Some might ask — and certainly the military did before it embraced these techniques — whether skills rooted in pacifist ideologies would perhaps dull a soldier’s edge. Hickey says that couldn’t be further from the truth.
“We call it sharpening the warrior,” she says. “When you’re constantly on alert, you have an IV drip of the stress hormone cortisol. So you never actually go into what’s called rest or digest. So what happens when you go into rest or digest is you have cellular regeneration. It’s where you’re going to get stronger. It’s where memories are going to file. It’s where you’re going to create stronger neural pathways. It’s where your muscles are going to repair themselves. So you’re actually going to be a better shooter, a better leader, and you’re going to be a better warrior by practicing these things.”
The work that Warriors at Ease is doing appears to be gaining more official traction within the military itself. In February 2021, the Army began a 10-week pilot program with soldiers in 20 basic training platoons at Fort Jackson, S.C. The trial hopes to evaluate whether daily practice of yoga and meditation will positively impact mental toughness, soldier discipline, injury mitigation, stress management and even graduation rates. Early results were promising, revealing better pain management and faster recovery times.

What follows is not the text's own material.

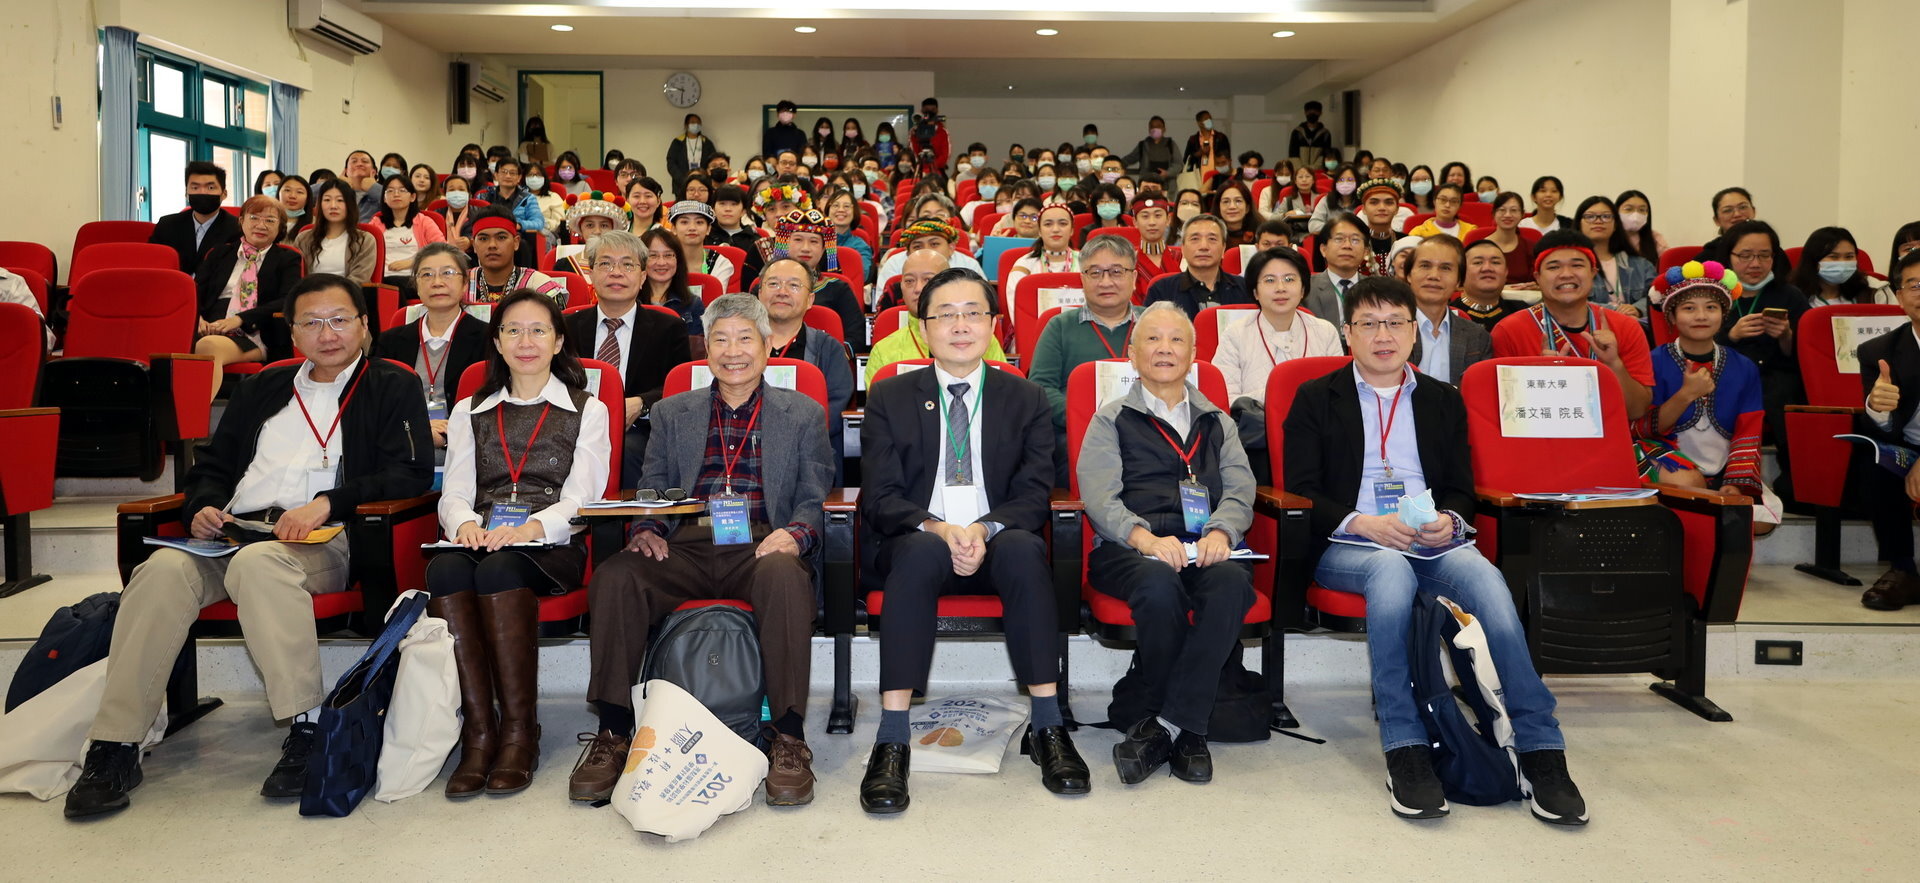 第一屆教育神經科學國際研討會與會人員合照

For the time being, Arnold and others like him within Warriors at Ease will continue to do what they’re doing, bringing these new tools to soldiers, veterans and their families.
Says Arnold, “The more we integrate this stuff and assure people that we’re not going to make you fold up like a pretzel, the more we just sit here and focus on our breathing, the more and more people will buy into it, because they’re going to be like, ‘Wow, this really works!’ ”
The views expressed and photos of military personnel presented in this publication are entirely those of the author and those interviewed and do not necessarily reflect the views, policy or position of the United States Government or the U.S. Department of Defense.